Information supplied —

****************************************

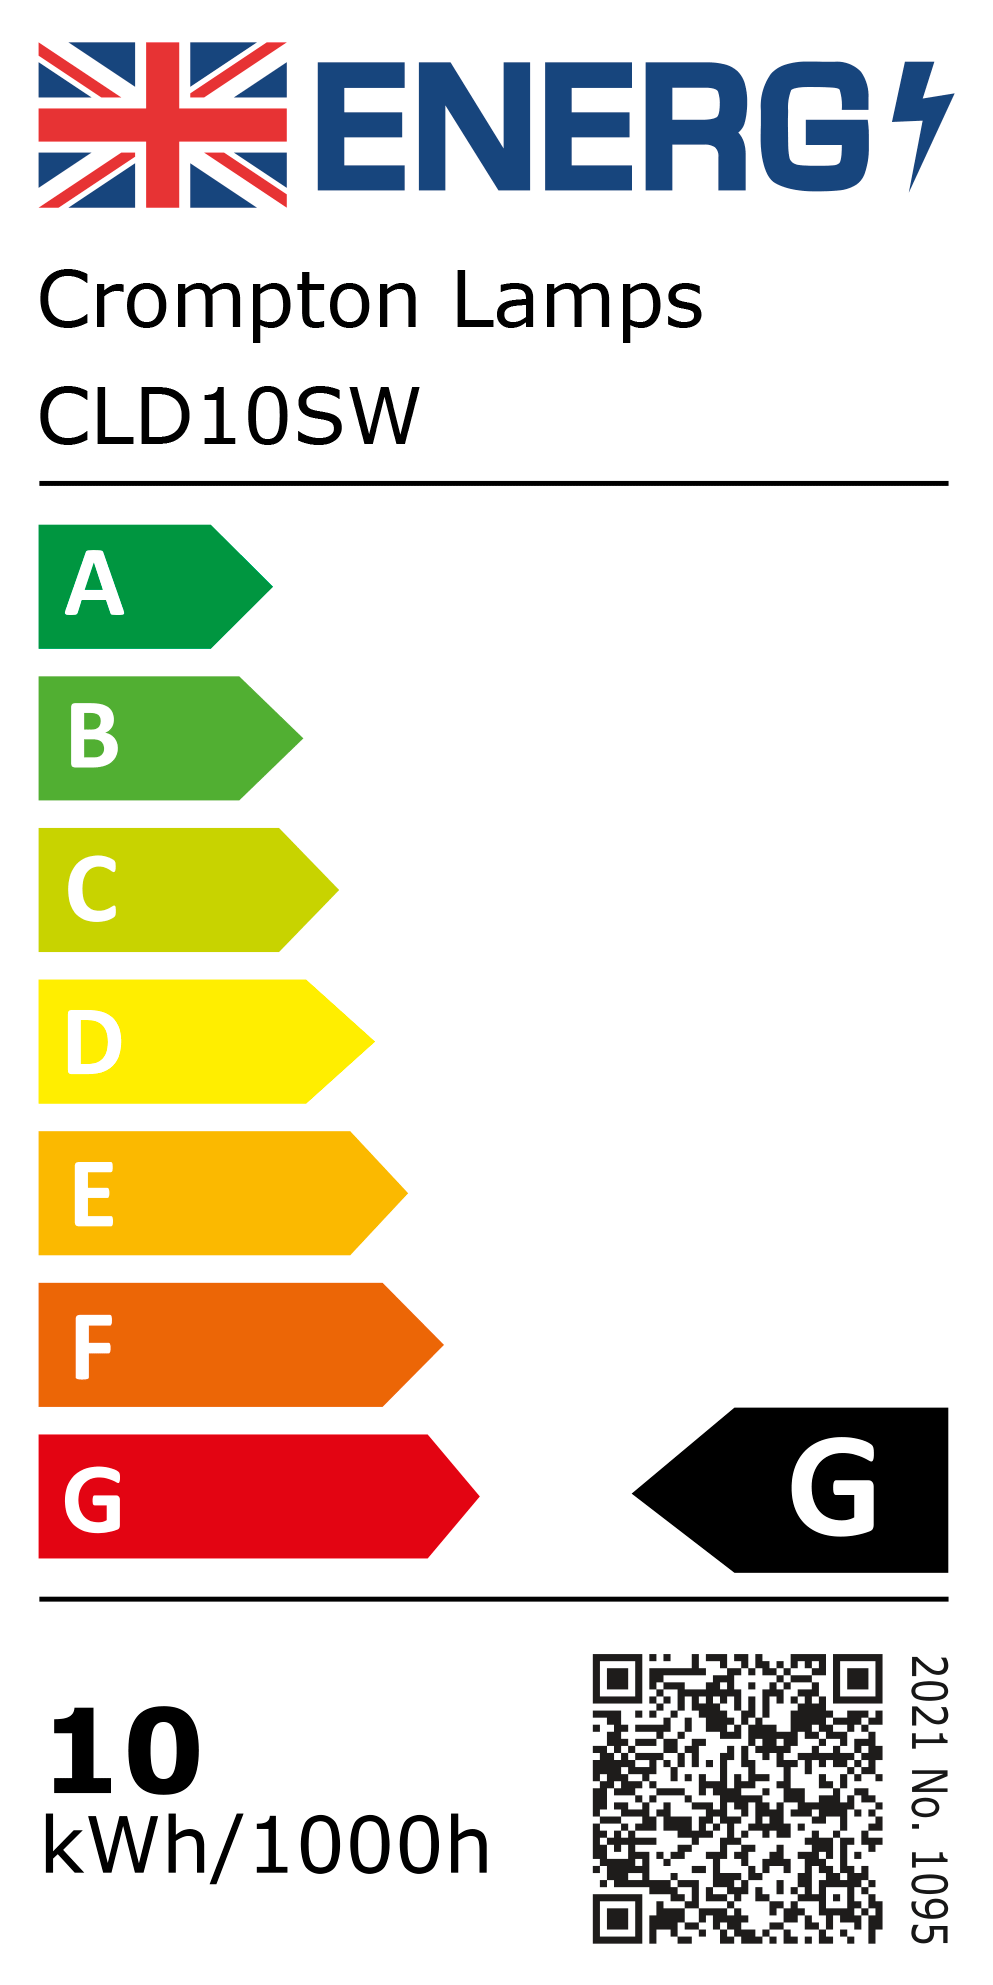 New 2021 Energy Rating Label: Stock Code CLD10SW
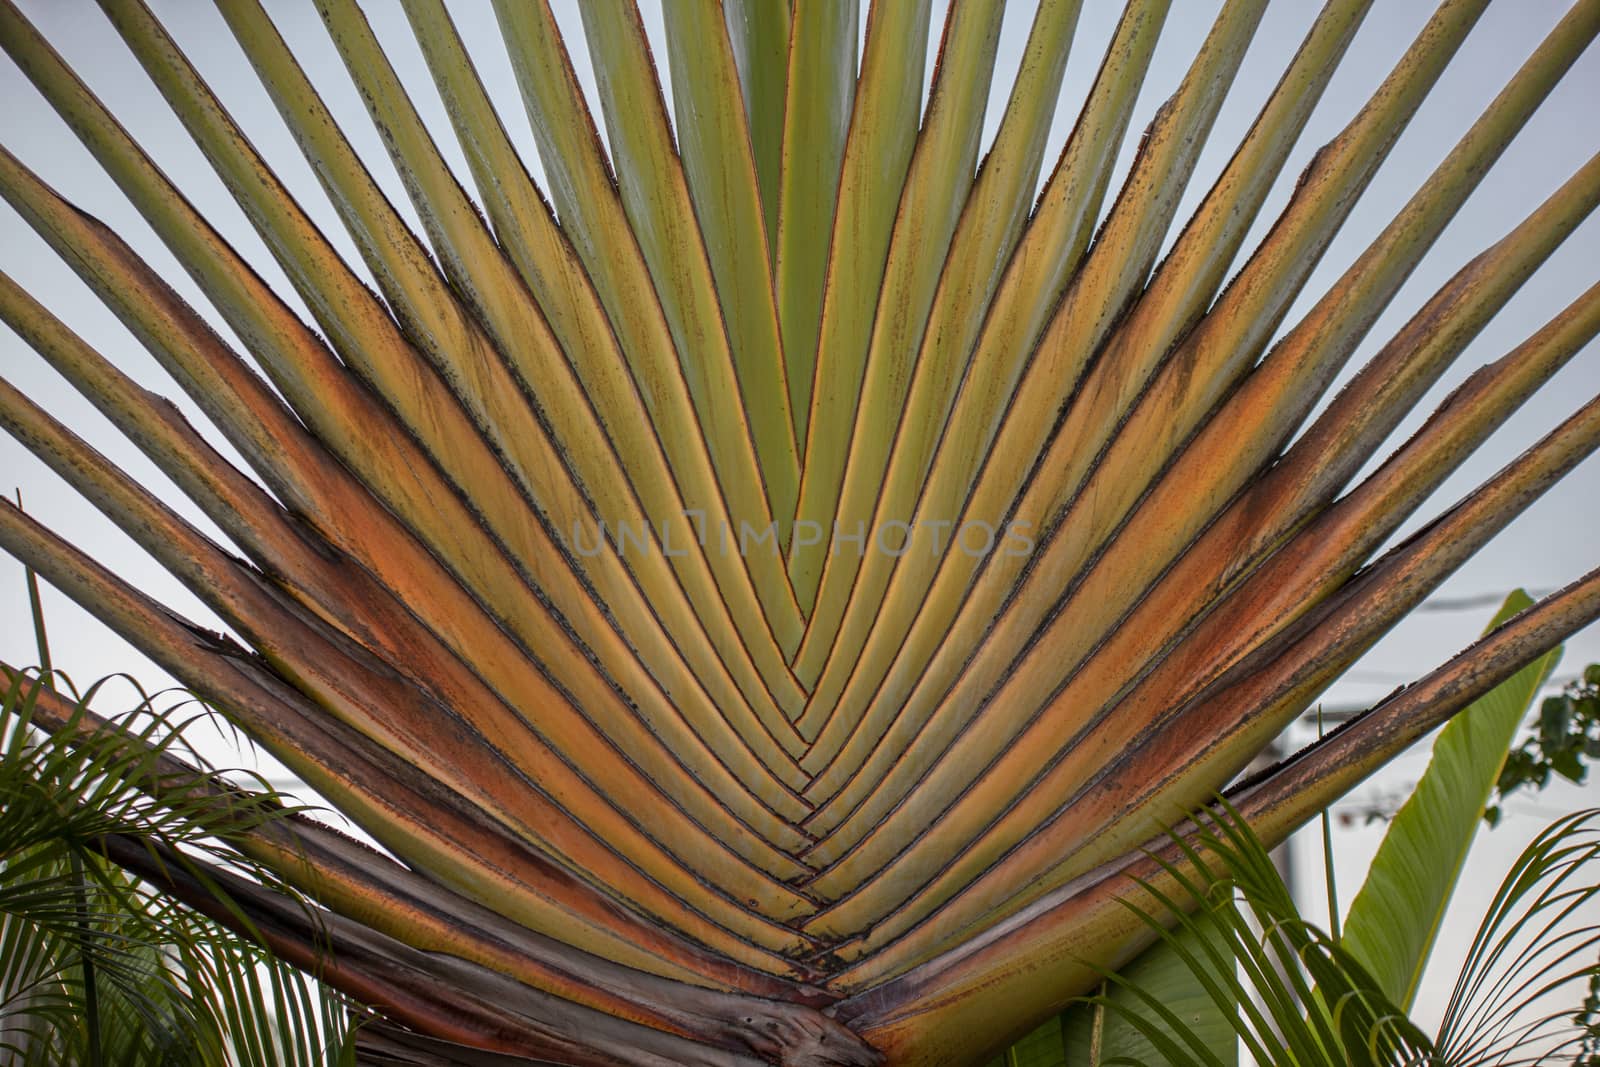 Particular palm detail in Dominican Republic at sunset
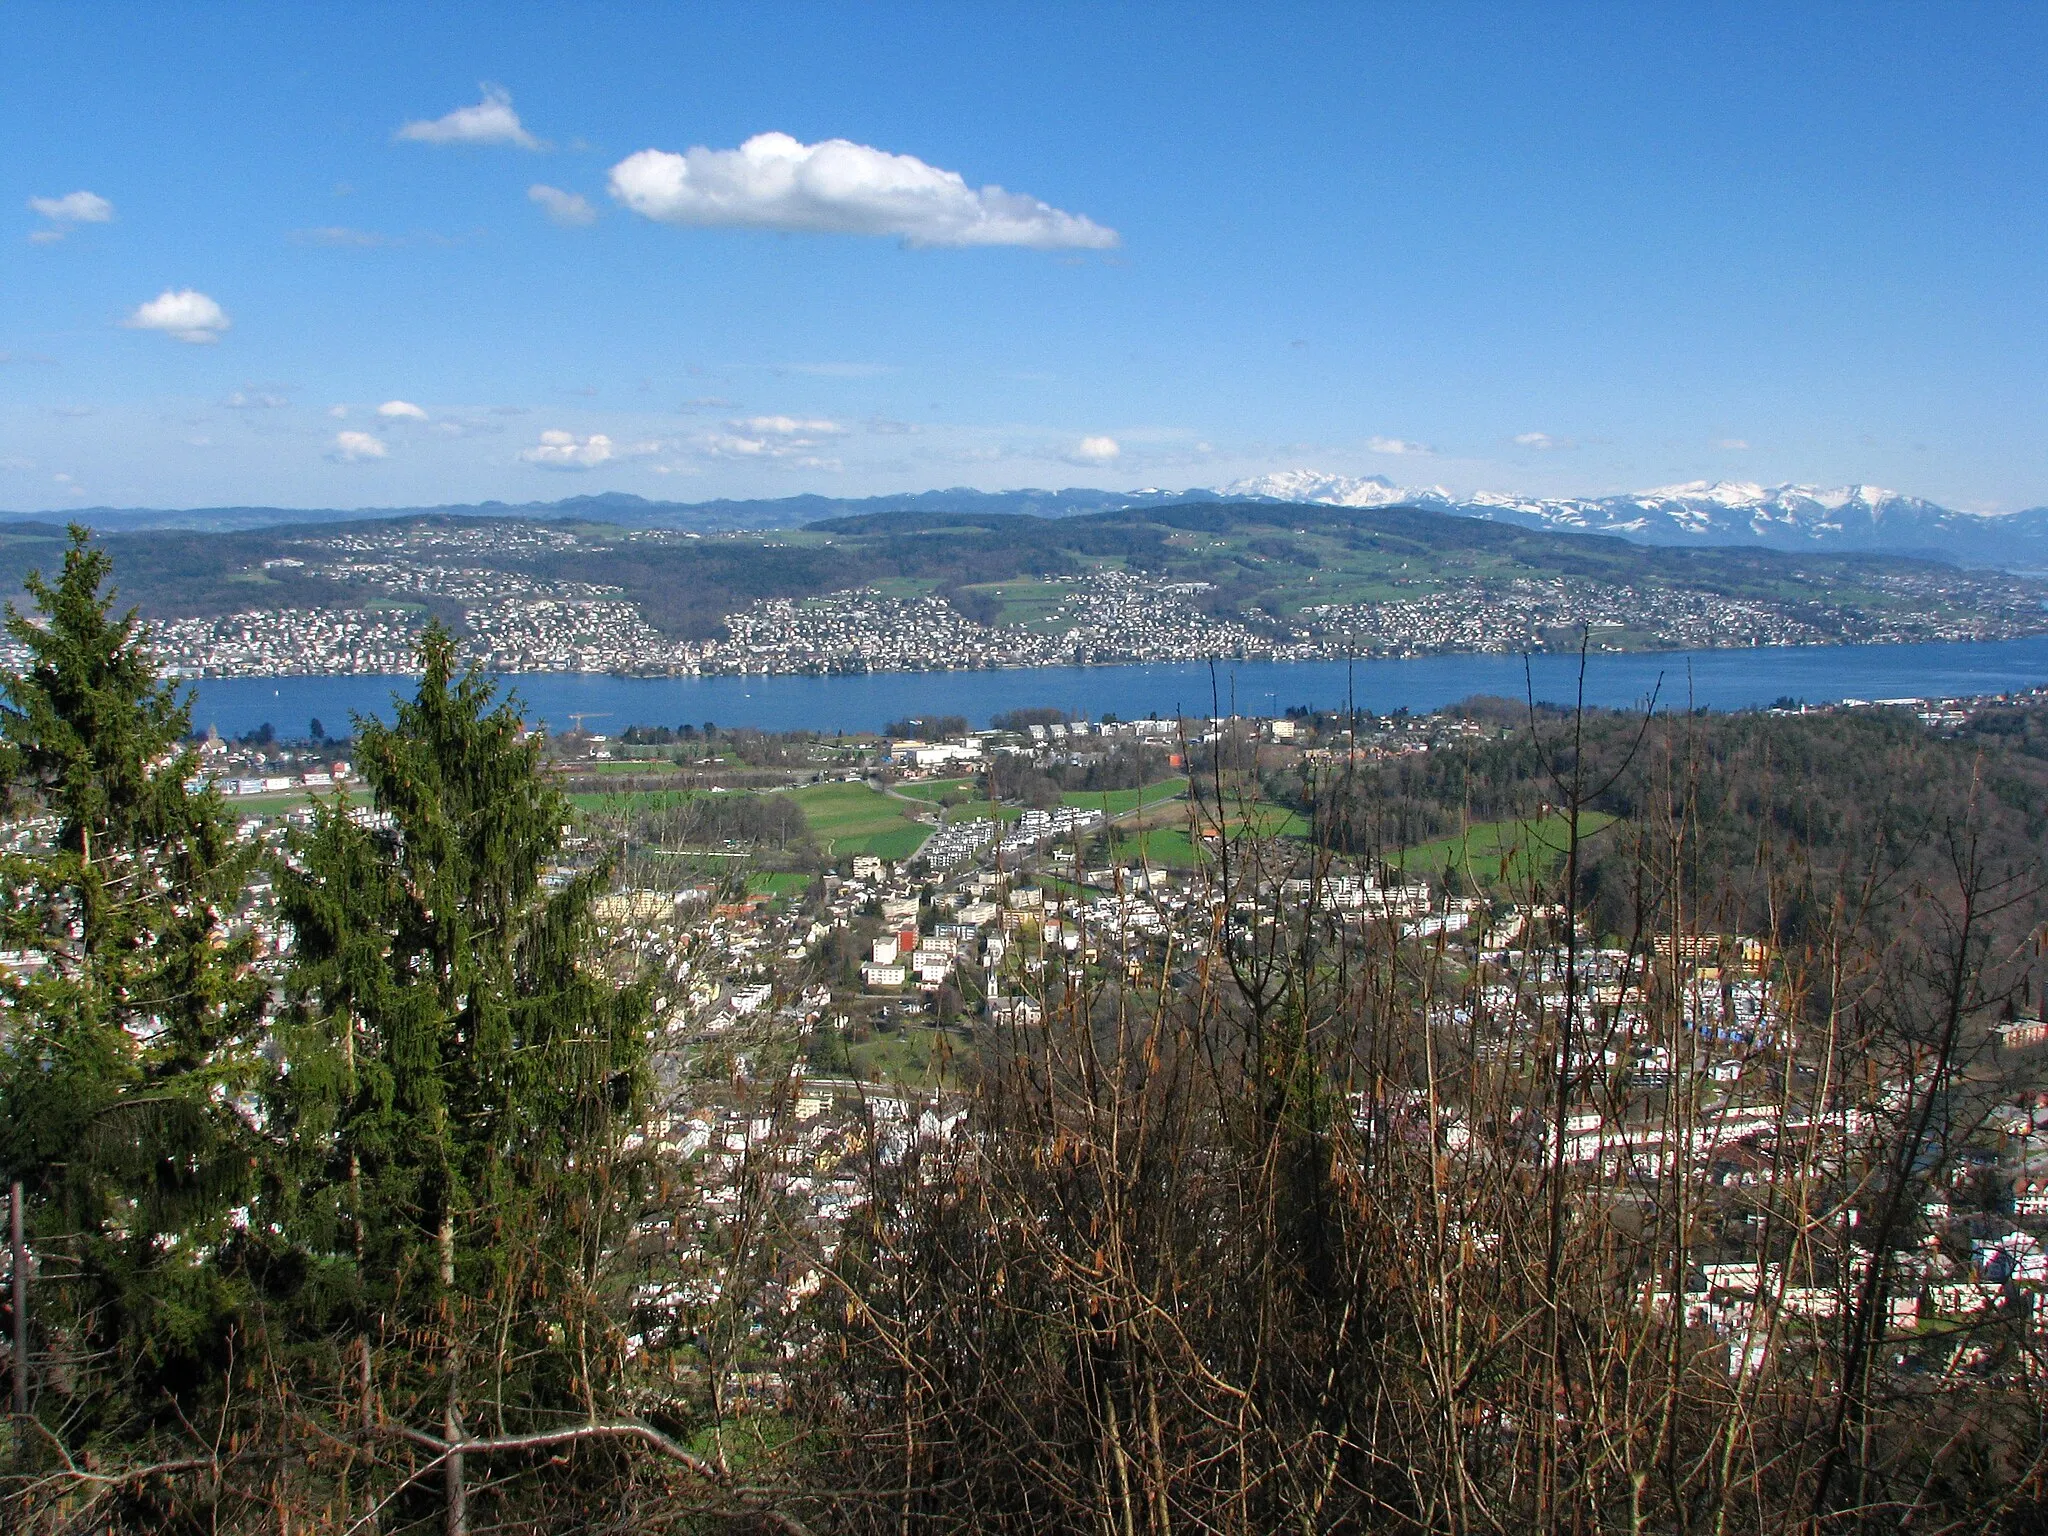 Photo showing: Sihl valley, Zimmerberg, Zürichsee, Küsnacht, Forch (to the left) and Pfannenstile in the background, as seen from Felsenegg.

****************************************

Hand back the data above exactly, with no images.

 New 2021 Energy Rating Label: Stock Code CLD10SW
 Particular palm detail in Dominican Republic at sunset
 Photo showing: Sihl valley, Zimmerberg, Zürichsee, Küsnacht, Forch (to the left) and Pfannenstile in the background, as seen from Felsenegg.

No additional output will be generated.